Не выражая пока своего отношения к этому повороту, мы лишь констатируем, что он произошел на рубеже Средних веков и Нового времени и что это имело важные последствия: стало захлопываться наше внутреннее окно в непознаваемые тайны бытия. Подобно тому, как Бог изгонялся из Космоса при помощи тезиса дуализма, он изгонялся и из человеческого микрокосма при помощи призыва овладевать материальными стихиями и не думать ни о чем другом. Всецело направленный на сравнительно простой и доступный алгоритмическому познанию материальный мир, человек становился как бы его негативным изображением, его копией и приобретал ту же простоту и алгоритмичность. В этом и надо искать разгадку того поразительного факта, что Декарт считал всех животных ничего не чувствующими автоматами, а человека – почти автоматом, жестко запрограммированной машиной, в которую извне вложена чувствительность, лишь регистрирующая его работу и не могущая повлиять на поведение.

Декарт был гениальным математиком, и его заслуги в развитии этой науки огромны. Однако не меньший вклад он внес в формирование идеологии, которую закладывали; Макиавелли, Бэкон и Гоббс. Кстати, с последним Декарт часто общался в парижский период своей жизни и показывал ему свои философские сочинения еще до их выхода в свет; в свою очередь можно предположить, что высокая оценка Гоббсом математики (хотя он ее знал очень плохо) обязана влиянию Декарта.

Декарт первым сумел расцепить Бога и материю, расчистив тем самым путь к деизму, а затем к полному устранению Бога из мировой картины; провозгласил поведение живых существ работой автоматов; повторил призывы Бэкона к отказу от «умозрительных» размышлений и к овладению материей. Хотя его философский «рационализм» впоследствии был передан осуждению последовательными материалистами, его тенденцию к «рациональному объяснению» всех явлений природы они восторженно приветствовали.
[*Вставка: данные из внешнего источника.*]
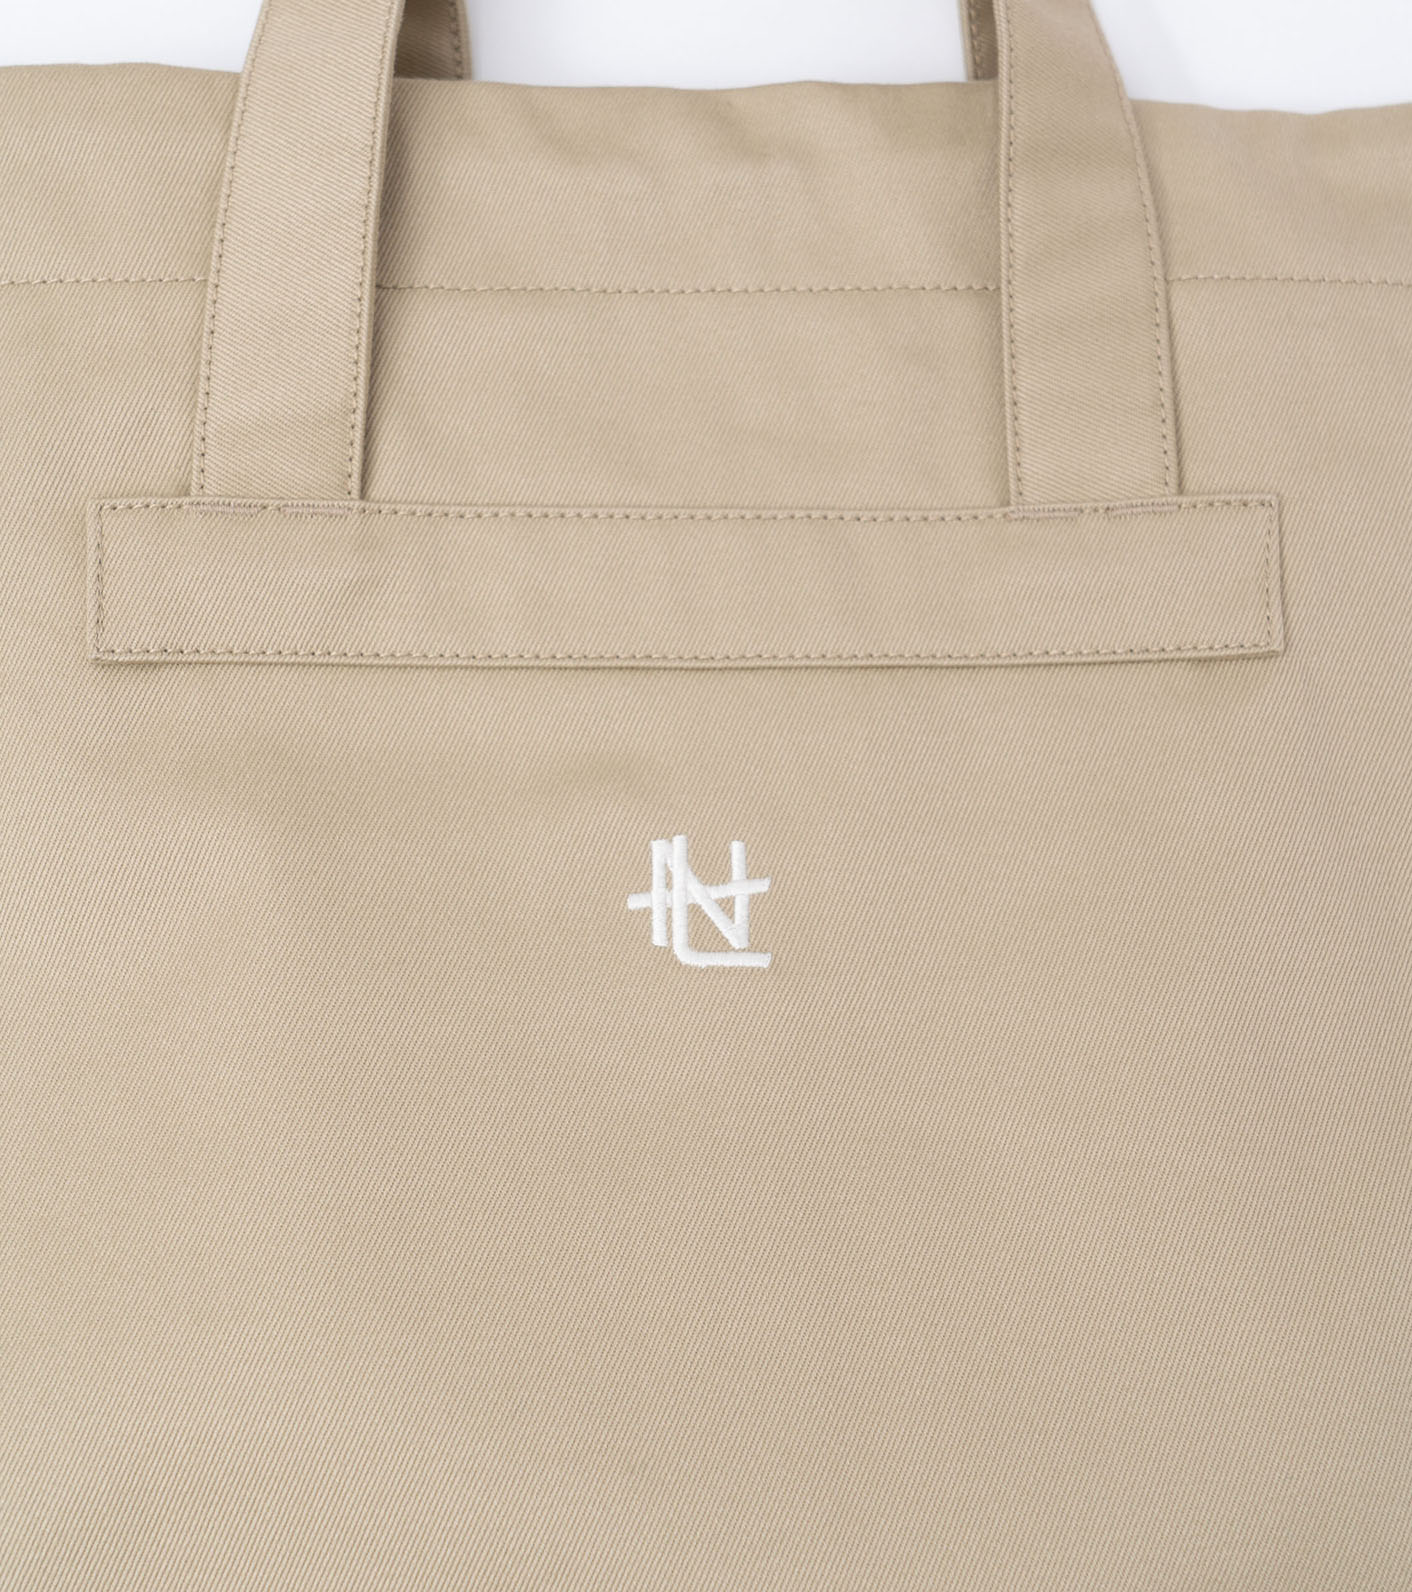 nanamica / Chino Tote Bag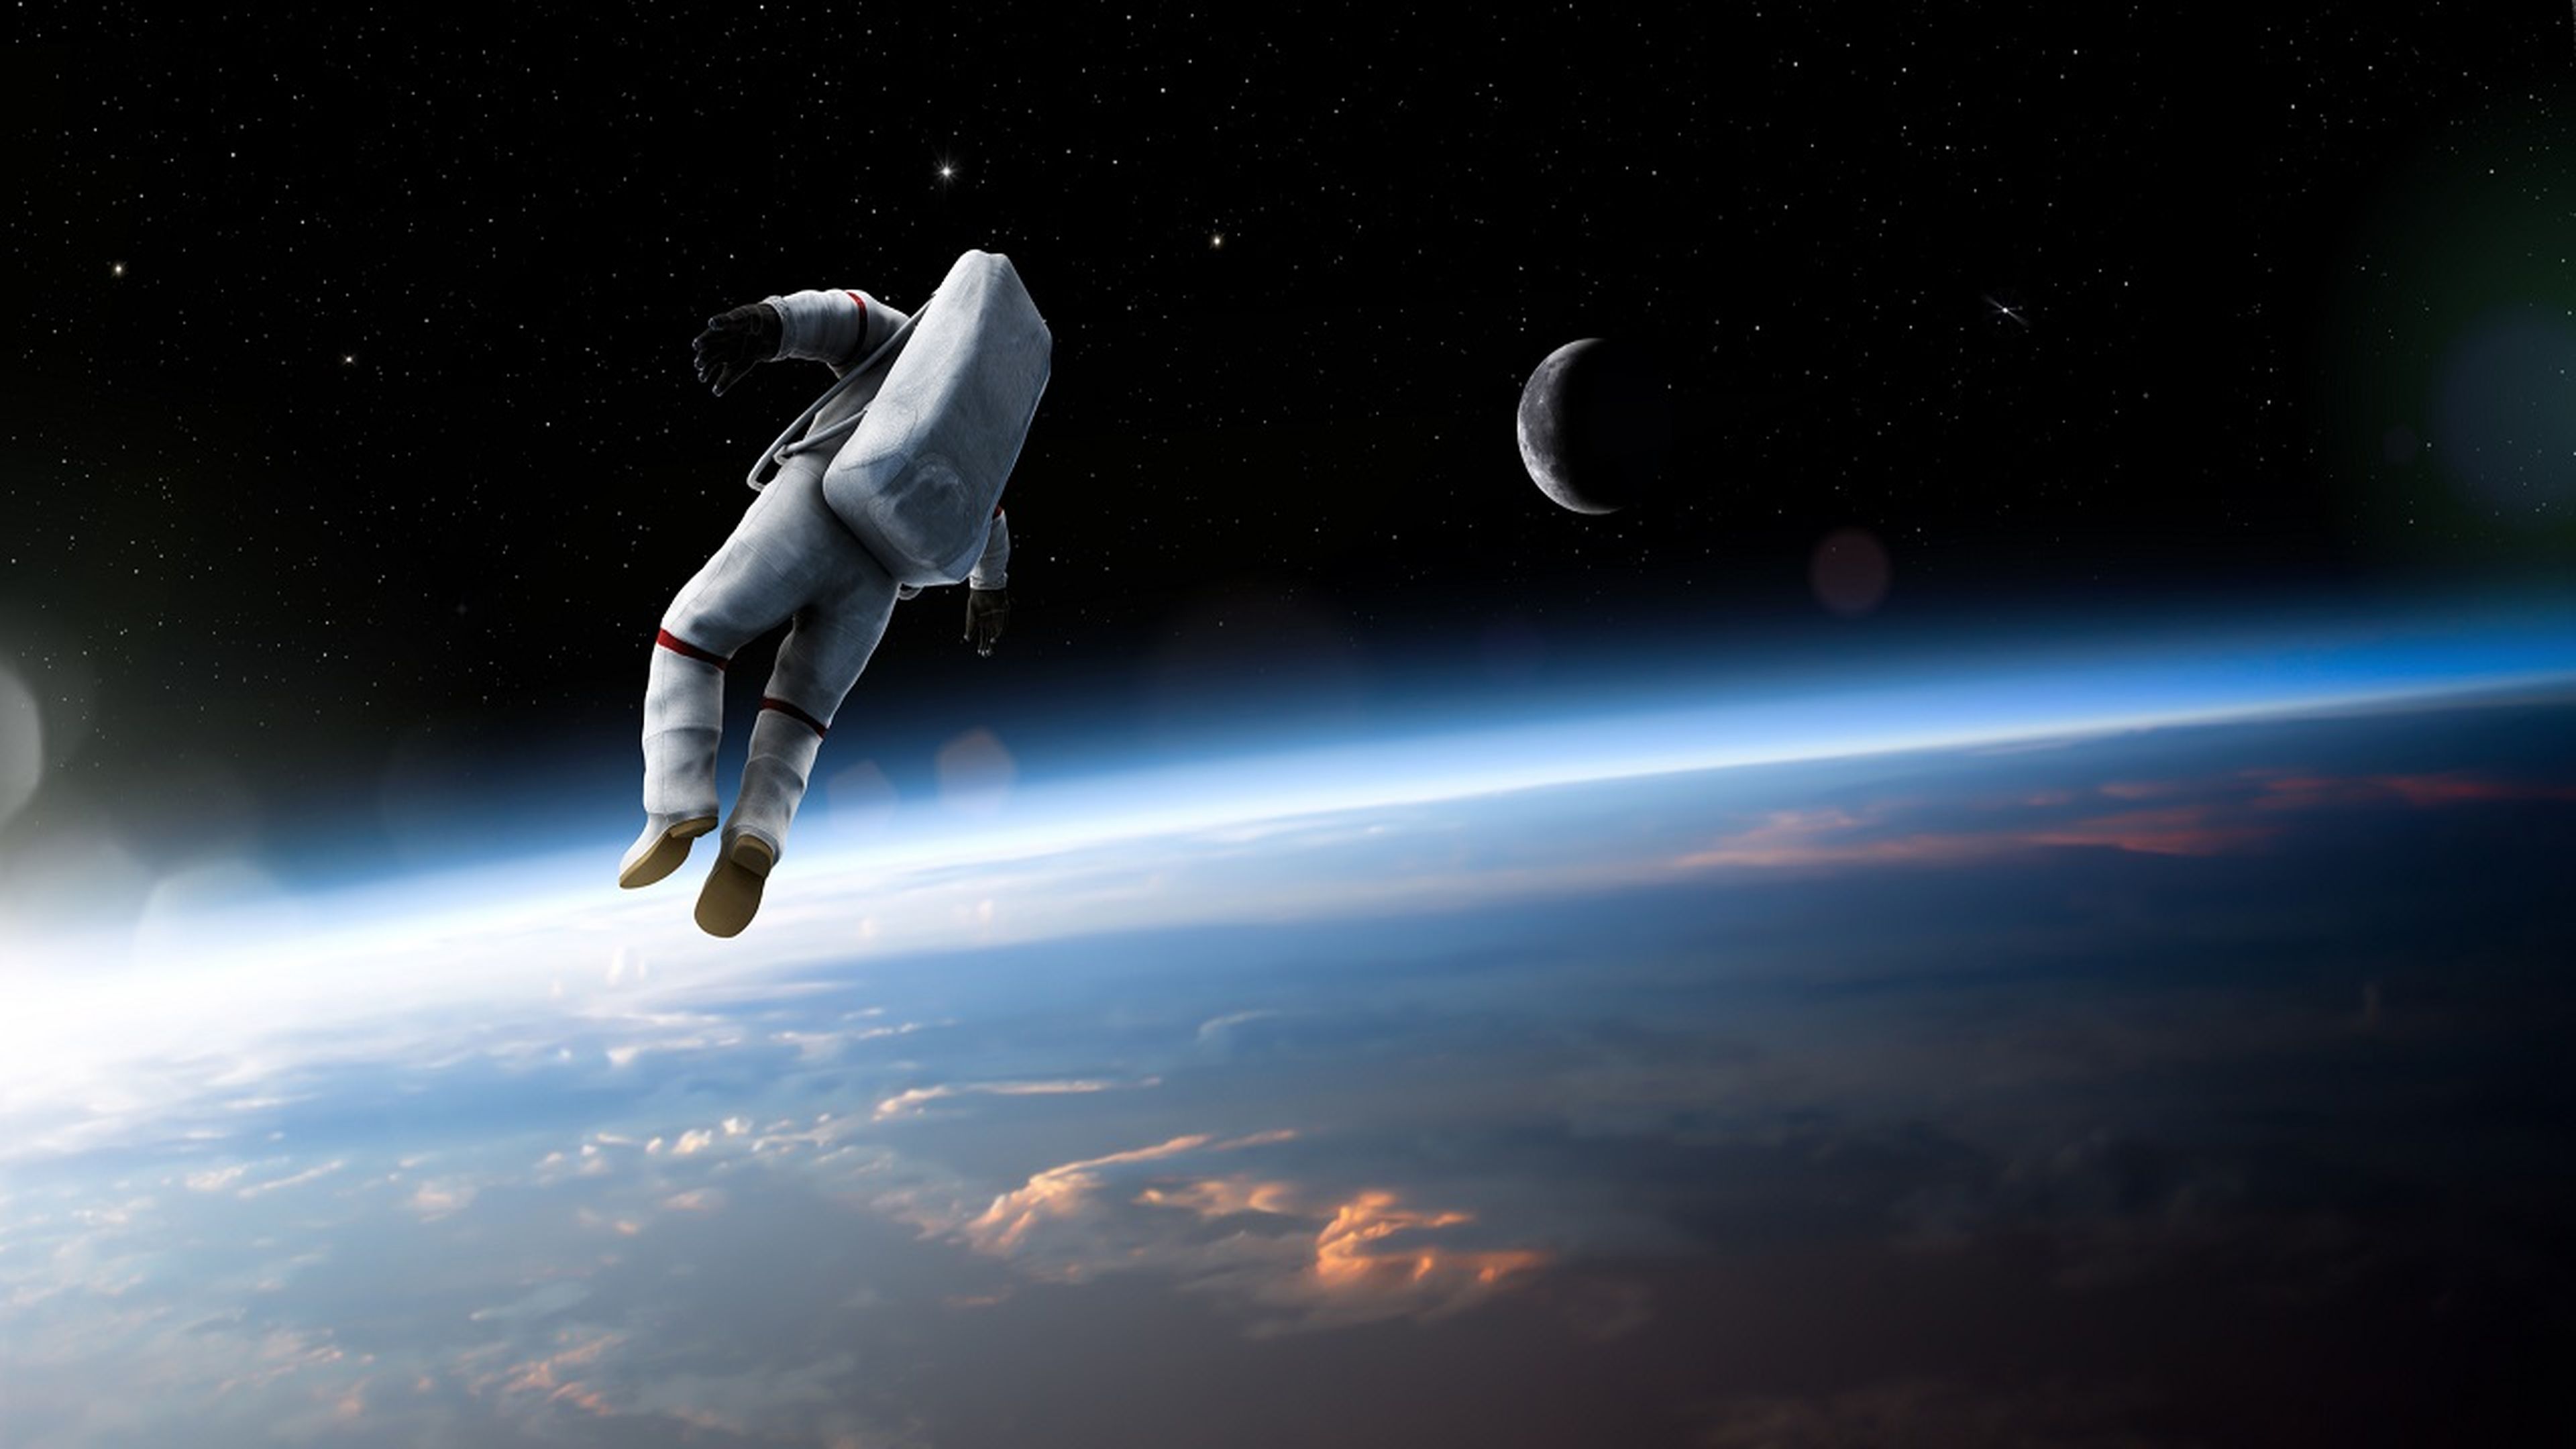 ¿Qué le sucedería si un astronauta fallece en el espacio?

Уже при жизни Декарта и особенно сразу после его смерти начало во всем своем блеске расцветать естествознание, т. е. та самая «наука», которая, по всеобщему убеждению, «доказала, что бога нет». Мы уже имели материал, заставивший нас высказать альтернативное предположение, что события в науке с самого начала развивались под сильным давлением сформировавшейся атеистической Идеологии, что эта идеология всячески поощряла развитие в науке желательных для нее тенденций и постоянно подавляла другие, нежелательные тенденции, т. е. направляла развитие науки по нужному пути, используя получаемые на этом пути результаты для укрепления своего авторитета. И все же эта гипотеза может выглядеть пока не слишком убедительной, а особенно необъективным может показаться утверждение, что над наукой действительно было совершено насилие, что она не «сама собой» влилась в русло новой идеологии. Для подтверждения факта нам достаточно рассмотреть судьбу ньютоновского учения о вселенной.

* * *

В зимний день 1642 года, когда жители Англии поздравляли друг друга с годовщиной рождения Иисуса Христа, в Вулсторпе родился человек, которому впоследствии тоже придавали черты мессии, поскольку он был призван возвестить миру великие истины. Эту оценку хорошо выражает известный стих:

Был темнотою этот мир окутан.
Бог молвил: – Будет свет! – и нам явился Ньютон.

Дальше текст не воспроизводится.